No. RCS works on Android phones with a compatible carrier and on iPhones running iOS 18 or later. Apple added consumer RCS in September 2024, followed by business RCS with iOS 18.1 in October 2024. Bandwidth's 2026 State of Messaging Report puts US device coverage at 96%, but not every carrier has completed its rollout. When RCS isn't supported, messages fall back to SMS automatically, as long as the sender's platform is configured for it.
Is RCS replacing SMS?
Not in the near term. Both protocols are expected to coexist for several years. SMS handles situations where universal reach matters, and RCS complements it where rich features are supported. The bigger barrier to RCS adoption in 2026 isn't device coverage, it's brand onboarding complexity. Most businesses have planned RCS deployments but haven't launched yet. SMS remains the only channel that guarantees 100% list reach without configuration dependencies.
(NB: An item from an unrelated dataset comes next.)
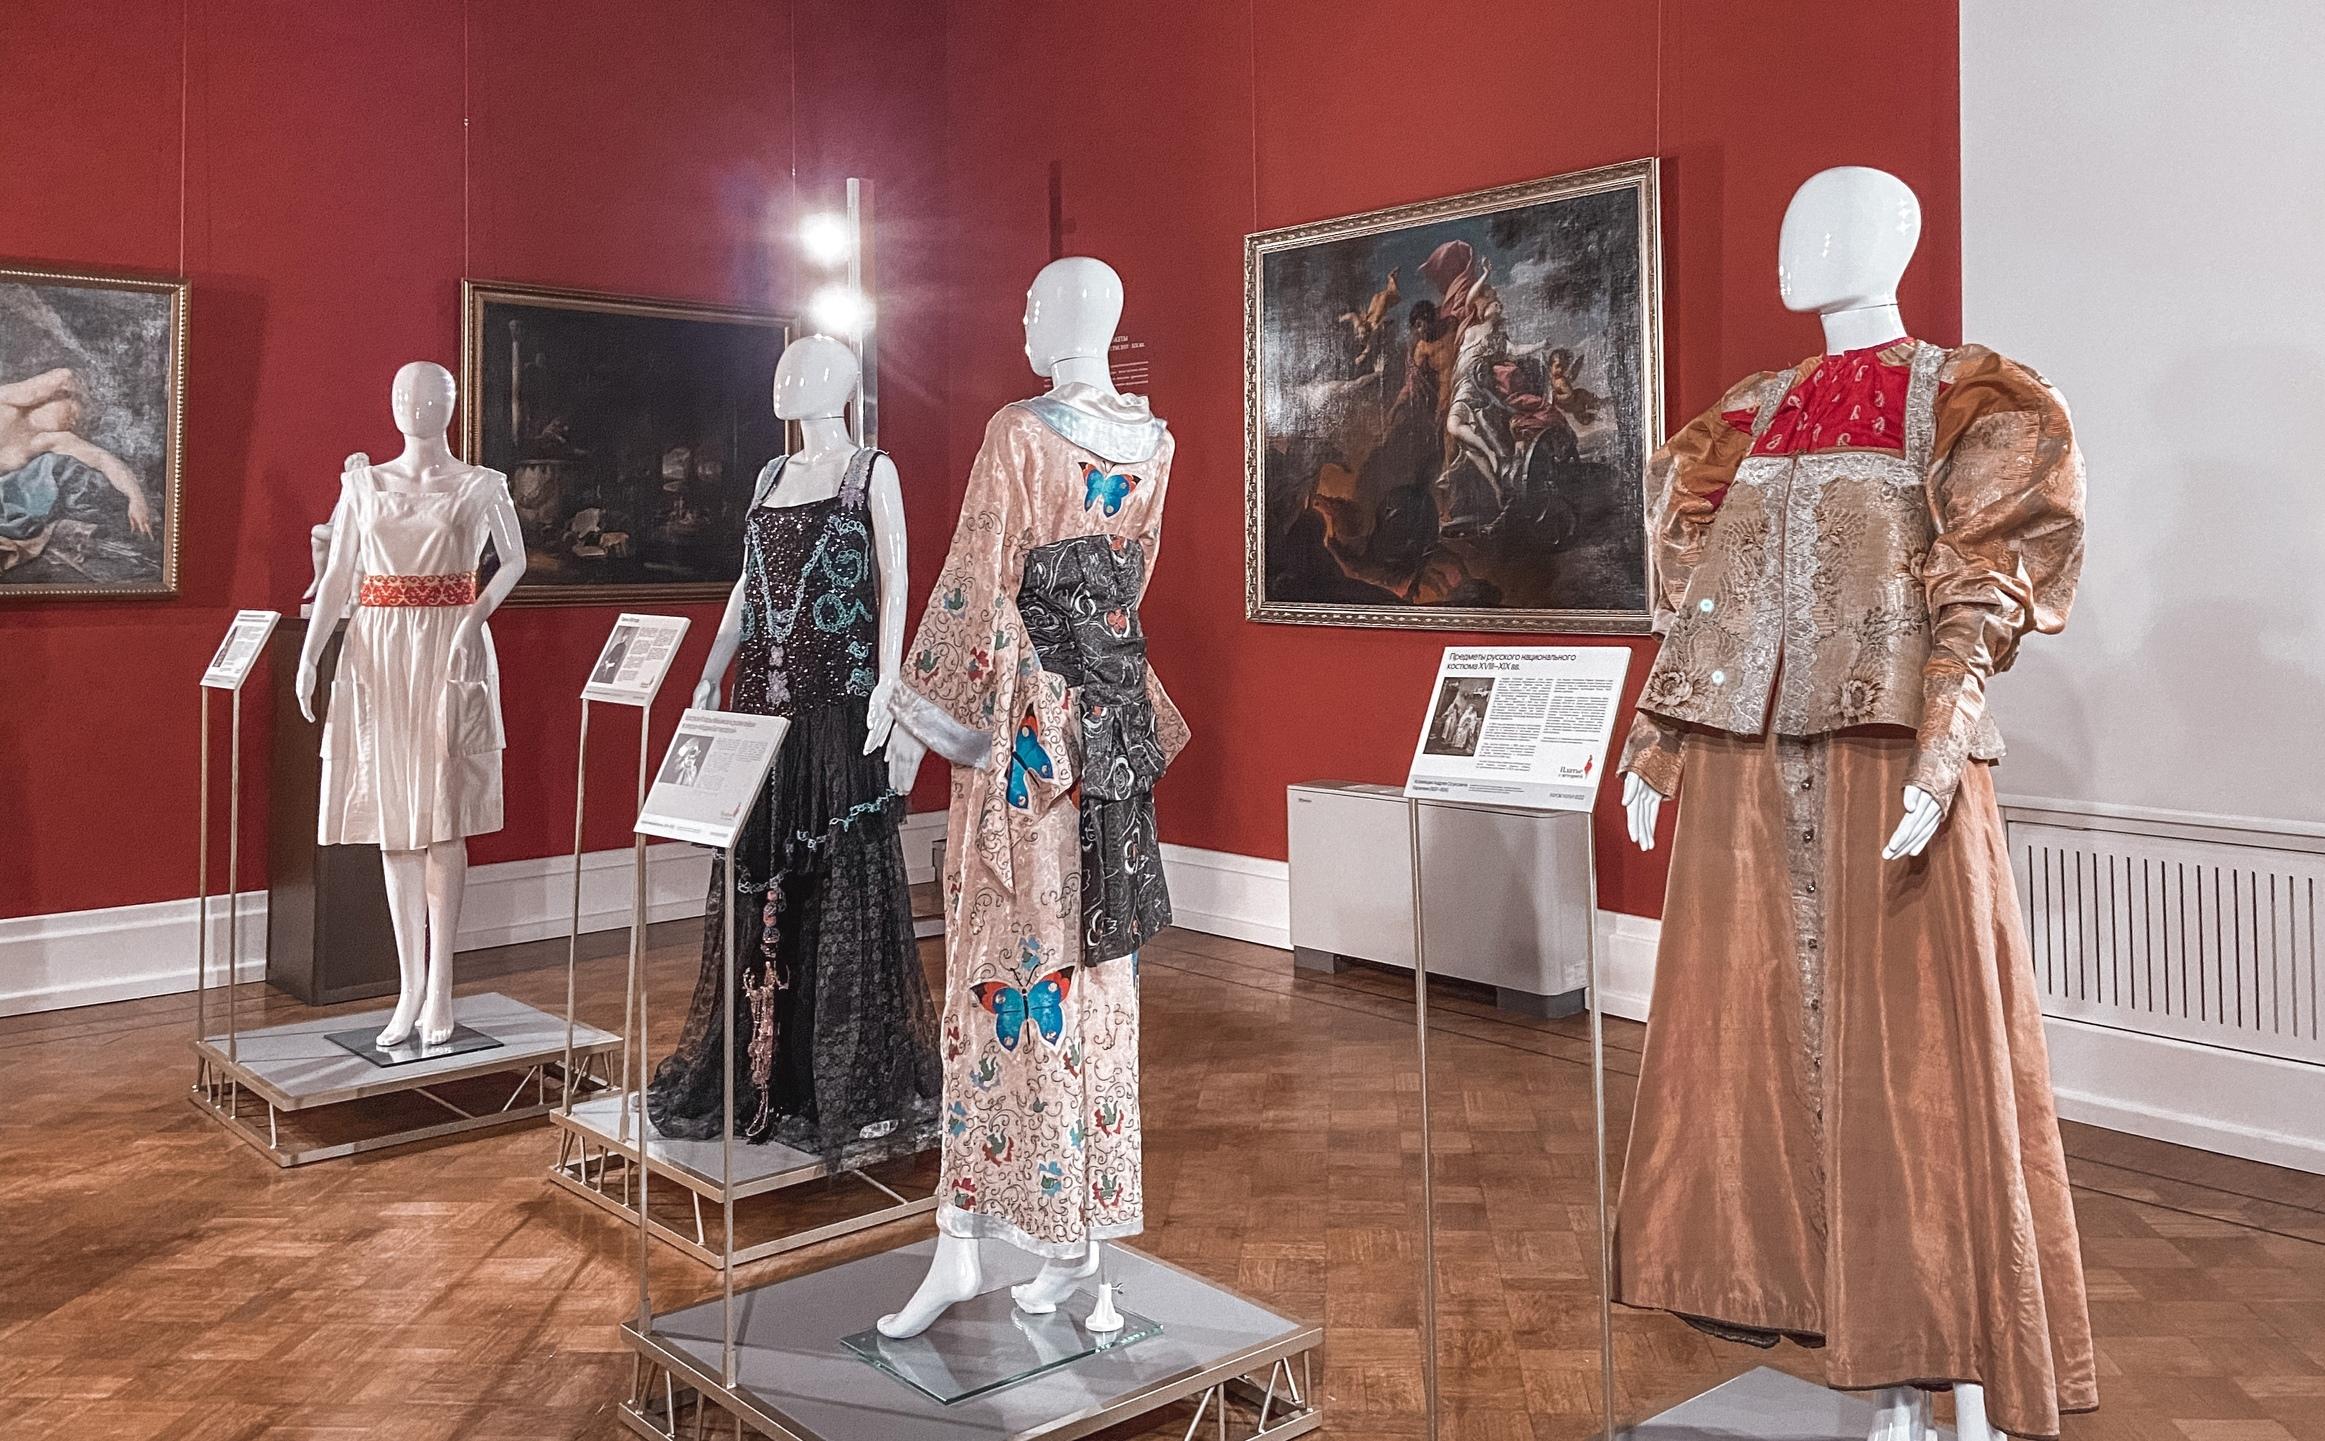 Выставка «Платье с историей» будет открыта в Нижнем Новгороде до 17 марта

What is the downside of RCS?
Three things: setup complexity, higher per-message costs, and a slow brand onboarding process. Getting approved requires Google and carrier verification plus an aggregator relationship, which takes time and often needs developer resources. Per-message costs run higher than SMS, varying by provider and message type. According to Juniper Research (April 2026), brand onboarding remains the primary barrier to wider adoption, with verification yet to be standardized outside the US.
Which is safer, SMS or RCS?
RCS is safer technically. It supports end-to-end encryption (introduced with Universal Profile 3.0 in March 2025) and verified sender profiles that make impersonation harder. SMS has no native encryption and can be intercepted in transit. That said, SMS compliance frameworks in the US (TCPA, CTIA, A2P/10DLC) are mature and well-understood. For healthcare, legal, and financial businesses, that compliance clarity is itself a meaningful risk management advantage RCS hasn't yet matched.